=== SUPPLIED MATERIAL ===
• • • •

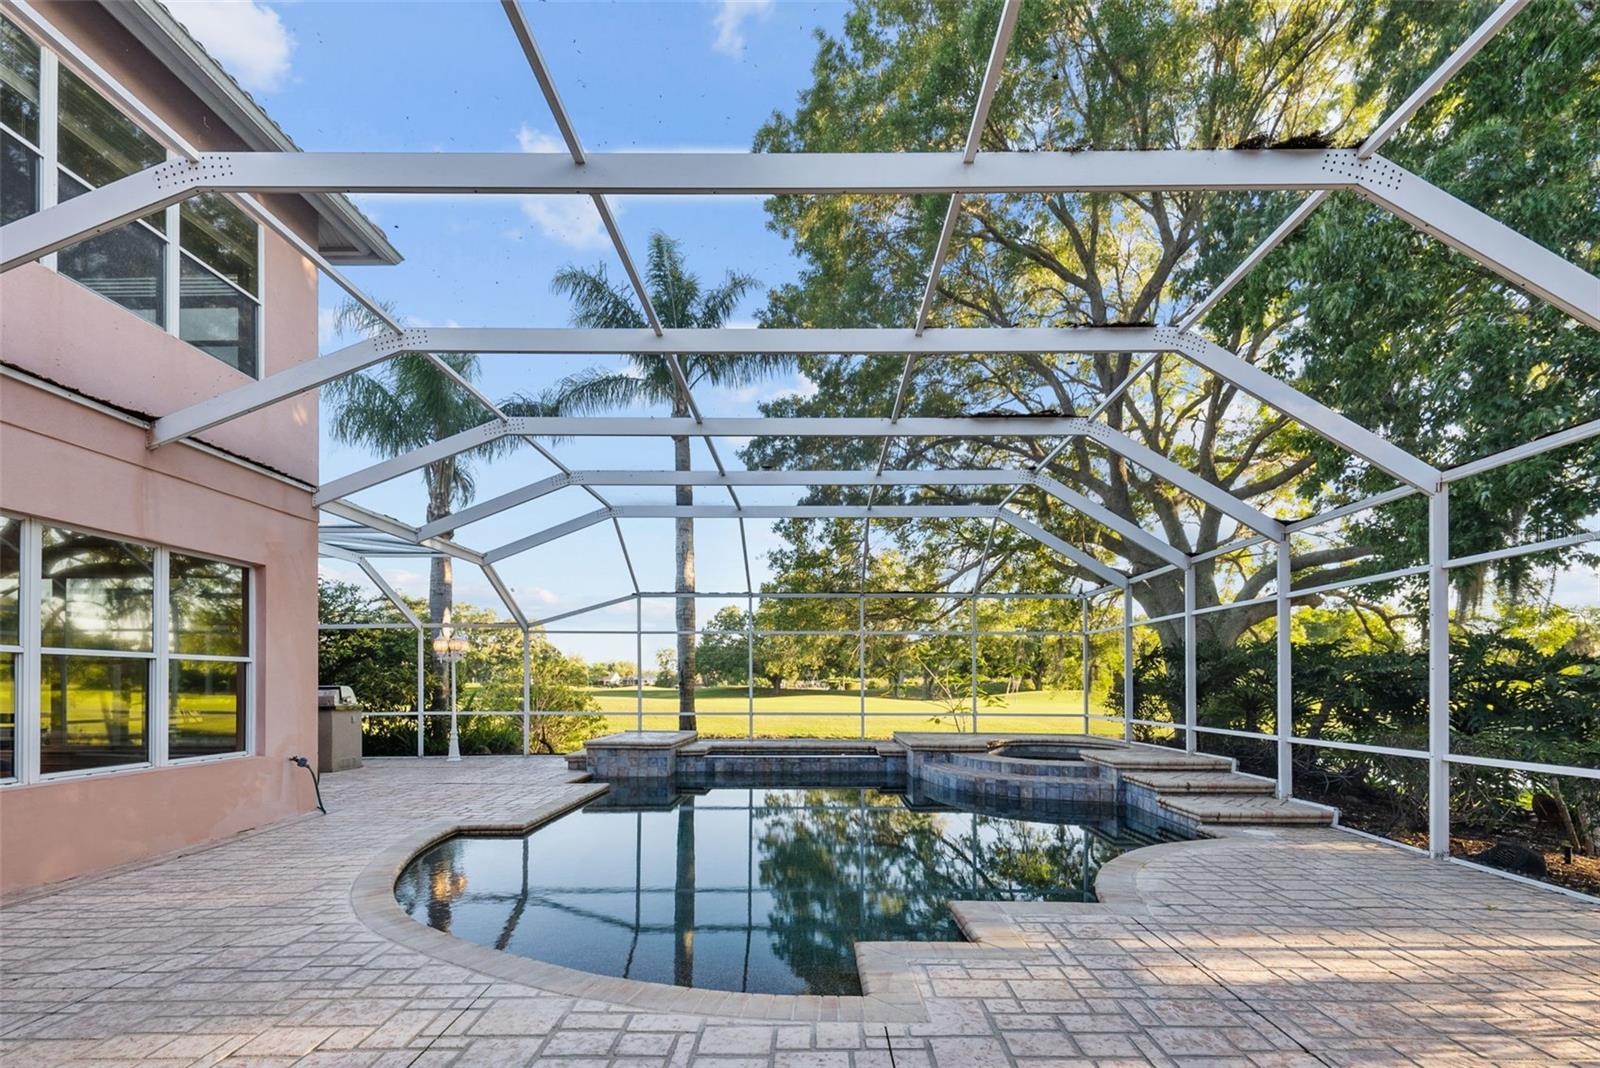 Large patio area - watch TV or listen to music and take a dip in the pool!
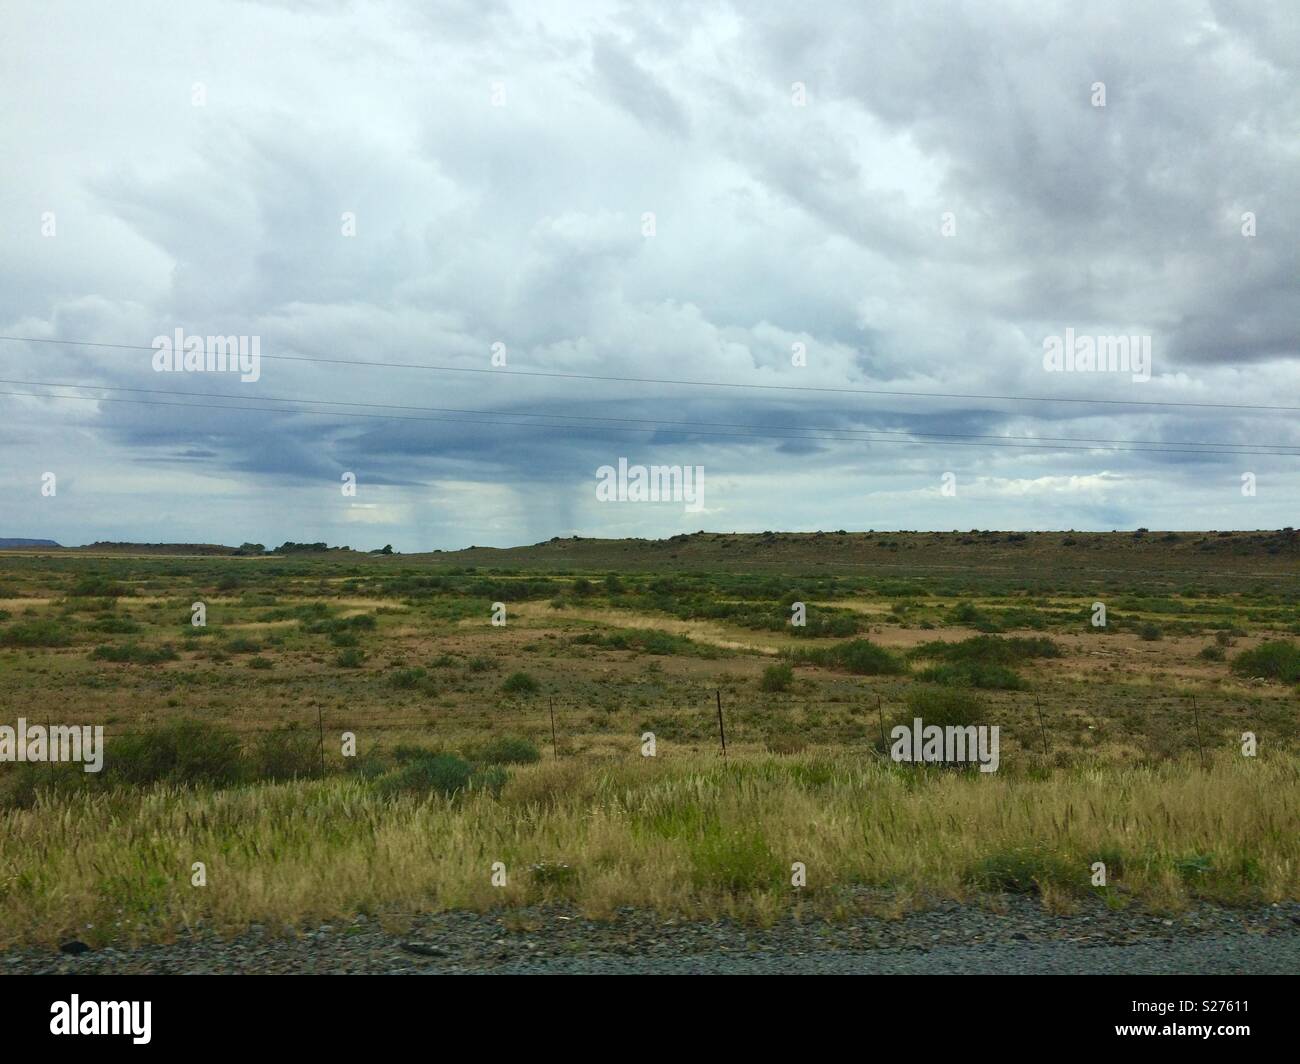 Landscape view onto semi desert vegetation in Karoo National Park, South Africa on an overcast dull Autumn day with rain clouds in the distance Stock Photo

• • • •

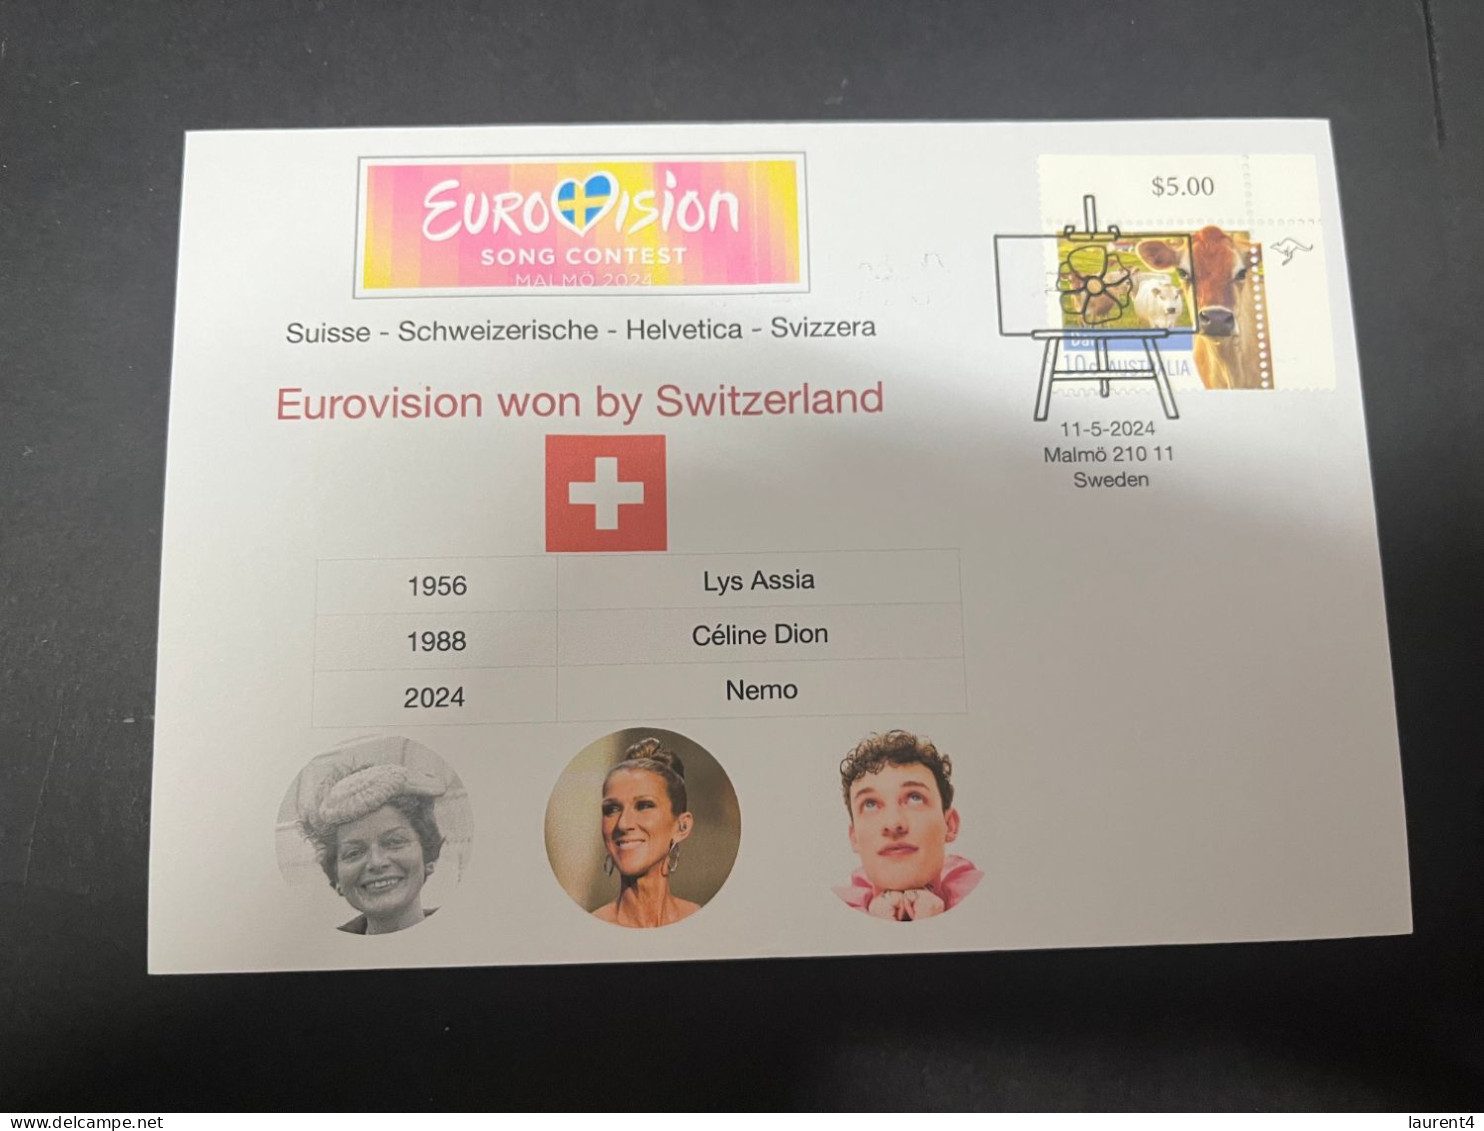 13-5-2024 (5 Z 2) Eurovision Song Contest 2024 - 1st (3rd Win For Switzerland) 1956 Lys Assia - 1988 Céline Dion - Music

• • • •

=== ASSIGNMENT ===
Could you output exactly the lines above, from the line with "Large patio area" up to and including the line with "Landscape view onto", and nothing else, skipping the pictures?

=== EXERCISE SOLUTION ===
 Large patio area - watch TV or listen to music and take a dip in the pool!
 Landscape view onto semi desert vegetation in Karoo National Park, South Africa on an overcast dull Autumn day with rain clouds in the distance Stock Photo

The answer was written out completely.